Жители Болоньи услыхали о нас и возмутились преступным к нам отношением. Когда болонцы возмущаются – это без последствий не проходит, о чем хорошо знают австрийцы. Папское правительство испугалось, и поэтому мне было разрешено войти в Болонью и вступить в переговоры с начальником папских швейцарцев, генералом Латуром. Когда генерал Латур появился на балконе своего дворца, болонцы стали кричать: «Наши братья войдут сюда, или вы полетите с этого балкона». Так вступил я в Болонью, восторженно приветствуемый ее великодушными жителями, которых я должен был успокаивать, так как они готовы были немедленно прогнать чужеземцев и предателей. Я условился с Латуром, что мы пройдем через Романью и Равенну и оттуда отплывем в Венецию. Затем я потребовал от него спешно оказать поддержку мантуанскому отряду, который вышел из Генуи, чтобы присоединиться к нам. Далее, в разговоре с Цукки я добился разрешения пополнить наши ряды добровольцами из Романьи; и маленький отряд вышел под началом капитана Баццани, моденца, чтобы соединиться с нами в Равенне.

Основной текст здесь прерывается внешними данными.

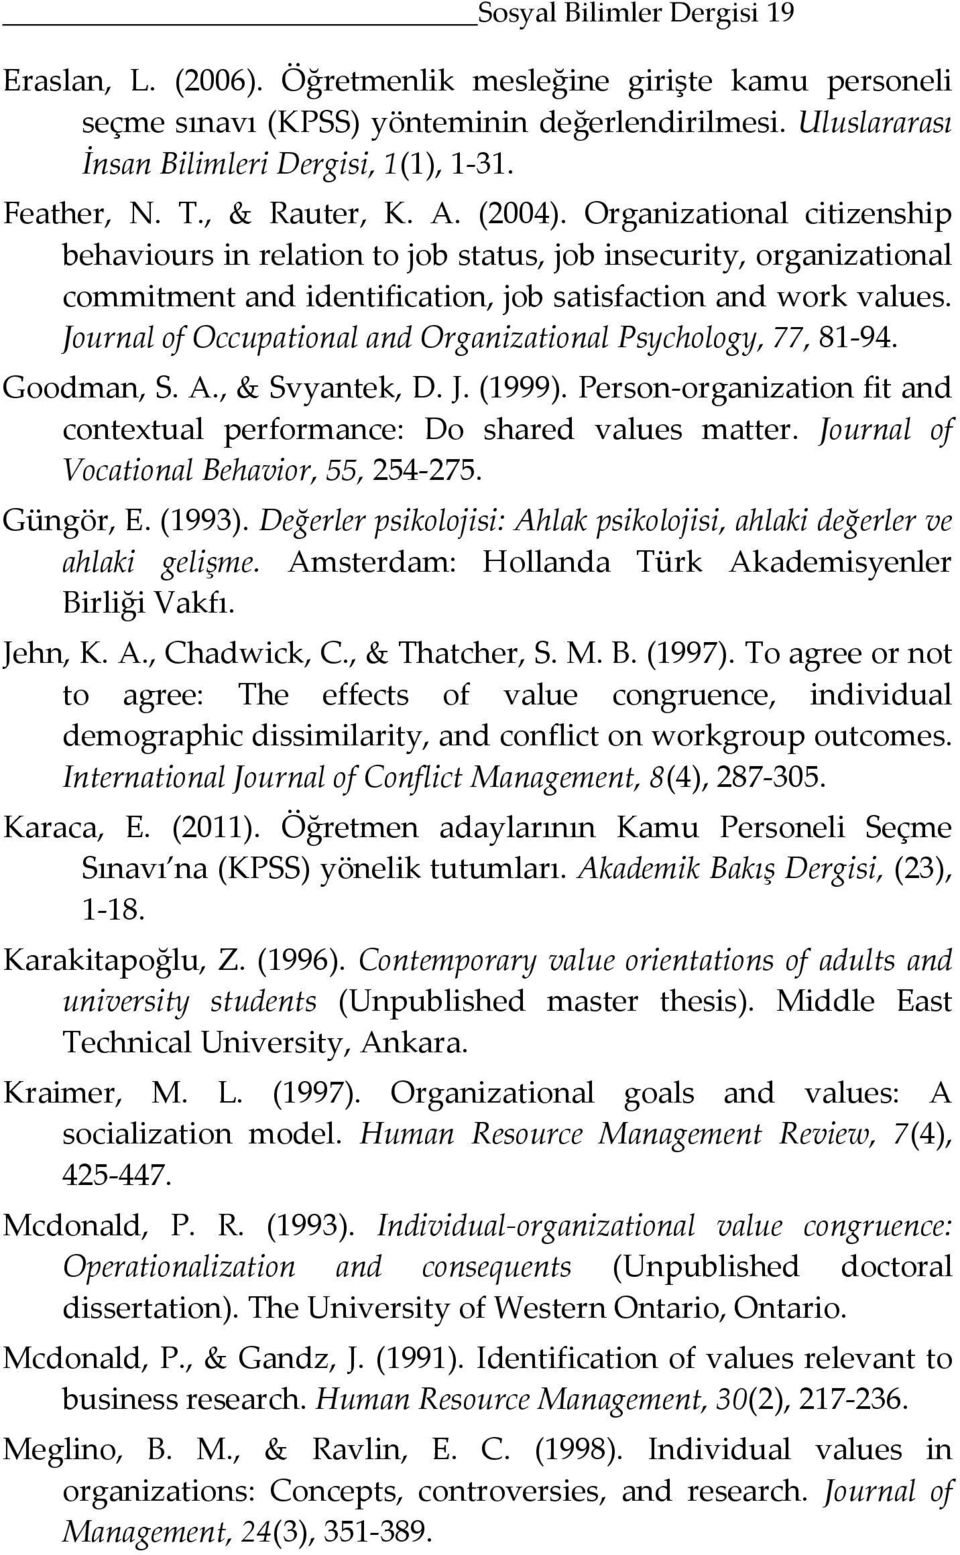 Journal of Occupational and Organizational Psychology, 77, 81-94. Goodman, S. A., & Svyantek, D. J. (1999). Person-organization fit and contextual performance: Do shared values matter.

Тут я в первый раз увидел в Болонье храброго Анджело Мазина[185]185
  Мазини, Анджело (1815–1849), по прозвищу – Мазина. Итальянский патриот, с юношеских лет участвовал в освободительном движении; с 1831 г. – в эмиграции; сражался в Испании против сторонников Дон Карлоса. В 1843 г. вернулся в Италию, где несколько раз подвергался аресту. Участвовал в освободительной войне 1848 г. Героически сражался в рядах Гарибальди при обороне Римской республики; был произведен в полковники. Убит у Виллы Корсини 3 июня 1849 г.


[Закрыть]
. Достаточно было увидеть его раз, чтобы начать уважать и любить. После отступления римской дивизии из Ломбардии, где он сражался как герой, Мазина оставался в Болонье или в ее окрестностях. Теперь он стоял во главе болонских простолюдинов, которые 8 августа героически освободили свой город от австрийцев. Он сдерживал безумное возбуждение этих людей, вызванное трусостью и предательством священников и отступников. В это же время Мазина, побуждаемый пламенной любовью к родине, собрал и организовал (частью на свои средства) кавалерийский отряд, который своей выправкой, прекрасной формой и мужеством мог возбудить зависть любой регулярной части. Пользуясь своим влиянием, Мазина то разжигал, то сдерживал страсти населения. Несомненно, он и падре Гавацци[186]186
  Гавацци, Алессандро (1809–1889) – священник, приобщившийся к патриотическому демократическому движению. Выступал с пламенными речами против тирании, папства и иностранного гнета. В период революции его выступления оказывали революционизирующее воздействие на народные массы. Был главным священником народной армии Римской республики в 1849 г.


[Закрыть]
существенно влияли тогда на болонцев и способствовали нашему освобождению из Филигари. Мазина решил также отправиться в Венецию, устав от бездействия и отчасти побуждаемый к тому пособниками иноземцев и папистами. В Комаккьо он занялся подготовкой перехода к властительнице Адриатики[187]187
  «Властительница Адриатики» – Венеция.


[Закрыть]
.

Тем временем я с моим отрядом примерно в 150 человек добрался до Равенны, где к нам присоединился Баццани с пятьюдесятью рекрутами, В Равенне нам пришлось опять ссориться с папским правительством. В Болонье мы договорились с Цукки, что в Равенне мы дождемся прибытия мантуанцев, чтобы вместе отплыть в Венецию. Однако подозрение и страх, внушаемые моими немногочисленными, плохо вооруженными и еще хуже одетыми товарищами, были столь велики, что вызвали настойчивое желание у духовенства избавиться от нас возможно скорее. После некоторых недомолвок Латур предложил мне отплыть, не теряя времени. Я ответил, что выйду в море только тогда, когда придет ожидаемый отряд. Со стороны папистов дело дошло до угроз. Однако равеннцы так же мало боятся угроз, как и болонцы. Мужественное население запаслось оружием и снаряжением, чтобы в случае нападения на нас оказать нам помощь.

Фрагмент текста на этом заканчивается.